St. Petersburg, Russia Jul 04, 2026 - 3:46 pm GMT+3
Edited By Kelvin Ndunga
The First Deputy Chief of the General Staff of the Russian Armed Forces, Col. Gen. Sergei Rudskoy, holds a news briefing in Moscow, July 4, 2026. (AP Photo)
The First Deputy Chief of the General Staff of the Russian Armed Forces, Col. Gen. Sergei Rudskoy, holds a news briefing in Moscow, July 4, 2026. (AP Photo)
by Associated Press Jul 04, 2026 3:46 pm
Edited By Kelvin Ndunga

A Ukrainian drone strike hit an oil terminal in St. Petersburg on Saturday, Russian officials said, as Kyiv intensified its campaign against Russia's energy infrastructure.

The near-daily long-range attacks on Russian oil facilities have disrupted fuel supplies and increased pressure on the Kremlin as Moscow's full-scale invasion of Ukraine enters its fifth year.

St. Petersburg Gov. Alexander Beglov said the strike targeted the city's Kirovsky district on the Baltic Sea. He added that Russian air defenses intercepted 72 Ukrainian drones over the city and the surrounding region.

Ukrainian President Volodymyr Zelenskyy described the operation as part of Ukraine's "long-range sanctions" campaign against Russia. He said Ukrainian forces also struck a military target on the island of Kronstadt, just off the coast of St. Petersburg.

Soldiers of the Alcatraz battalion patrol the frontline city of Druzhkovka, Donetsk region, Ukraine, July 2, 2026. (AP Photo)
Soldiers of the Alcatraz battalion patrol the frontline city of Druzhkovka, Donetsk region, Ukraine, July 2, 2026. (AP Photo)

"The Ukrainian defense forces hit the port's oil infrastructure, which generates money for the Russian war, and there were also strikes on Kronstadt, an important military target," he said in a post on Telegram.

St. Petersburg's Kirovsky district was previously hit in June, ahead of Russia's flagship St. Petersburg International Economic Forum.

The Crimean Peninsula, which Russia annexed in 2014, has been hit repeatedly by Ukrainian strikes, prompting local authorities to suspend gasoline sales to civilians. A Ukrainian attack on Saturday killed one person and injured two others, including a 10-year-old child, Moscow-installed Gov. Sergei Aksyonov said.

Russian President Vladimir Putin has shrugged off Ukraine's strikes on Russia's energy facilities as "not critical" and insisted the war will continue until his goals are met.

He has described the attacks on Russian energy infrastructure as an effort by Ukraine to distract attention from its battlefield losses, although analysts say the advance of Russian forces has stalled in recent months.

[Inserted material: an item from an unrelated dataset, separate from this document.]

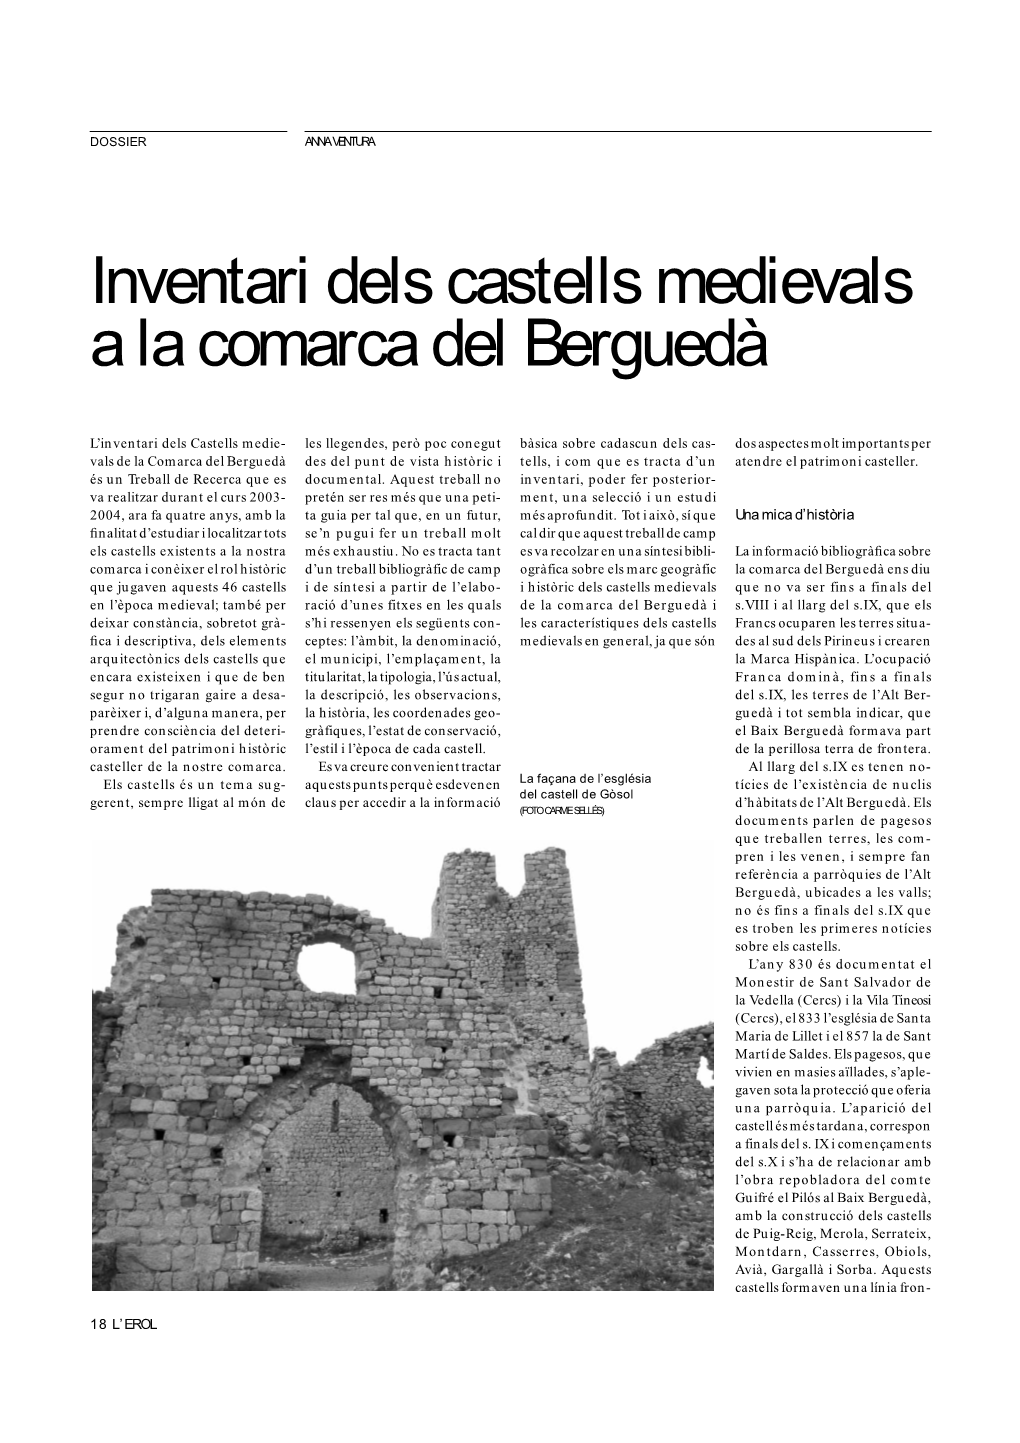 Inventari Dels Castells Medievals a La Comarca Del Berguedà

On Friday, Putin visited the Russian military headquarters overseeing the war in Ukraine and received a report on the capture of the city of Kostyantynivka after weeks of intense street battles. He hailed it as a key step toward capturing the nearby cities of Sloviansk and Kramatorsk, the remaining major strongholds in the so-called "forest belt" of heavily fortified cities in Ukraine's Donetsk region.

The capture of Kostyantynivka, a major transportation and industrial hub, is of "major strategic importance," Putin, clad in military fatigues, said in televised comments.

In a briefing Saturday, Col. Gen. Sergei Rudskoy, first deputy chief of the General Staff of the Russian armed forces, said Ukrainian troops had been pushed back several kilometers (miles) and that fighting was taking place on the outskirts of the nearby town of Oleksiievo-Druzhkivka.

"The city is now under our full control. Units of the Southern Army Group are completing the clearing of city blocks, rooting out small groups and individual Ukrainian fighters who may still be hiding in basements and ruins," he said.

Zelenskyy denied that Russia had taken control of the city.

"It is just another Russian lie, an attempt to generate some kind of news story," he wrote on social media Saturday. "If Kostyantynivka were under Russian control, then perhaps Putin would have no problem meeting me there to find a diplomatic way to finally end this war. But the fact is, he won't cross the front line. Reality is very different from Putin's words."

Zelenskyy's post also appeared to appeal to U.S. President Donald Trump.

"Now, on the eve of America's Independence Day, Putin has chosen to lie to the world and to the president of the United States about the situation on the front."

Putin appears to believe his government can keep the fuel crisis from eroding his authority and support for the war he launched more than four years ago. At the very least, the attacks have brought the war home more directly for millions of Russians, shattering Putin's narrative of the conflict as something that does not affect the lives of ordinary people in his country.

The border city of Belgorod, which has also been repeatedly targeted by Ukrainian drone strikes, was left almost completely without power on Saturday because of overnight attacks, local media reported.

Meanwhile, eight people were wounded after a Russian attack struck residential buildings in Ukraine's southeastern Zaporizhzhia region, including two children, local authorities said Saturday.